The Lithuanian Green Build Council conference in Vilnius, attracting over 100 from the world built environment Real Estate, Design, Contruction, Product Manufacturers, Facilities Managers and Investors, asked the question ‘Sustainability what is it’?

It was a privilege to kick-off presentations, following an opening address from the Republic of Lithuania’s Ministry of Environment, sharing insights from FutuREstorative and Cost RESTORE. It was pleasing to see that key messages of my keynote resonated throughout the day’s presentations and case studies from inspiring speakers from Europe and the USA.

The key message was that we no longer have a luxury only to be less bad but that we need to seek different approaches to sustainability that enable us to do more good. Thats more good for people health, for planet health and importantly for financial health. Only reducing impact can be seen as the foolish act of driving ever slower towards a cliff edge we know is there.

The impact we have within the built environment sector on the health of those who work live and play in our buildings is huge, and a responsibility we need to face up to, not just to ‘sustain’ but to enable people and planet to thrive.

The LTGBC event included presentations with wonderful insights into regenerative design from Emanuele Naboni KADK / RESTORE, on circular economy from Kestutis Sadauskas, European Commission on healthy materials and LCA (from Camille FABRE, Sant-Goban, into green bonds for regenerative projects from Katya Nolvall atSwedbank) and BIPV – Building Integrated PV’s from Julija Kaladžinskaitė, alongside certification schemes that push the regenerative and health concept from David Hubka and Levan Ekhvaia (DGNB)

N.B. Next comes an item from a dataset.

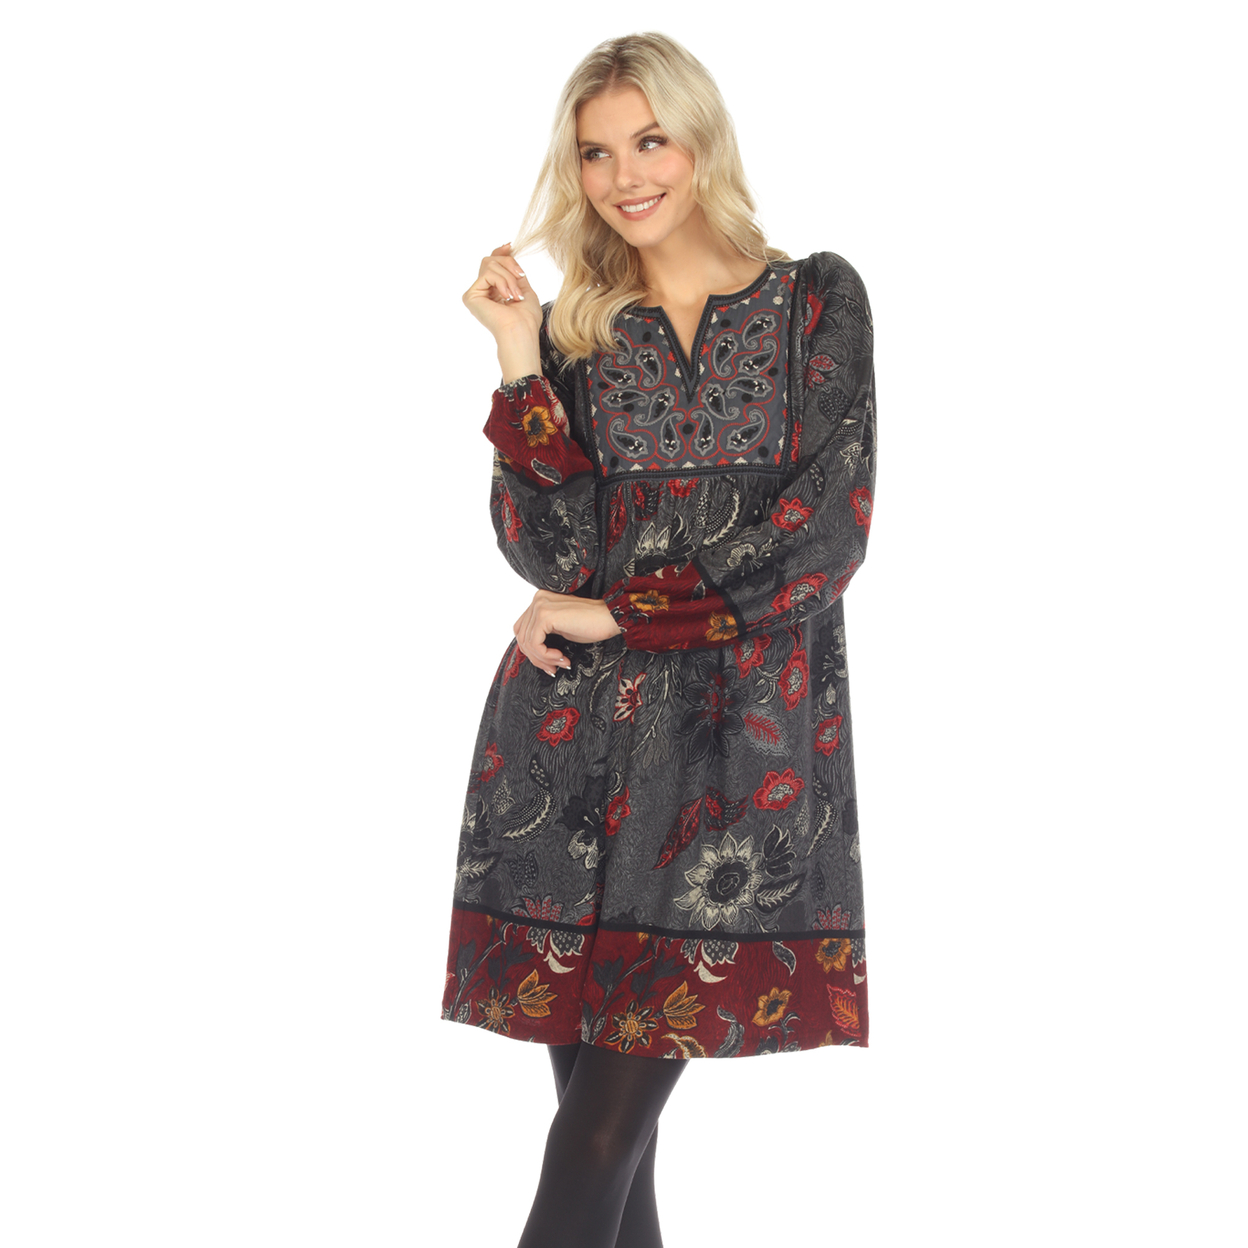 White Mark Women's Floral Paisley Sweater Dress - Grey/red, X-large

It was also a privilege to meet with and share insights with staff and students from VGTU (Vilnius Gedimino Technical University) School of Architecture the following day.  Once again discussions and questions related to the need for collaboration with health practitioners in project design and construction. My thanks to Dr Gintaras Stauskis for the guided tour of Vilnius with insights into the city’s history and soviet architecture, and to his team at VGTU for hosting me for the day.

There were many takeaway’s over the two days and I learnt much from presentations and discussions. Conferences such as this may well be seen as a sustainability bubble of like-minded thinkers, but it is heartening to hear of the wonderful innovations and passions that are enabling us in the built environment to become key climate change solution providers, and not just part of the climate change problem.

We are learning to design and build for people and planet health, not just for function retaliation or image. And given the 12 years timeframe the IPCC October 2018 Report has given us … we need more of this.

Congratulations to Eugenis Sapel and team at LTGBC and Vesta for moderating and delivering a great event, and for keeping us speakers focused on financial aspects of regenerative sustainability.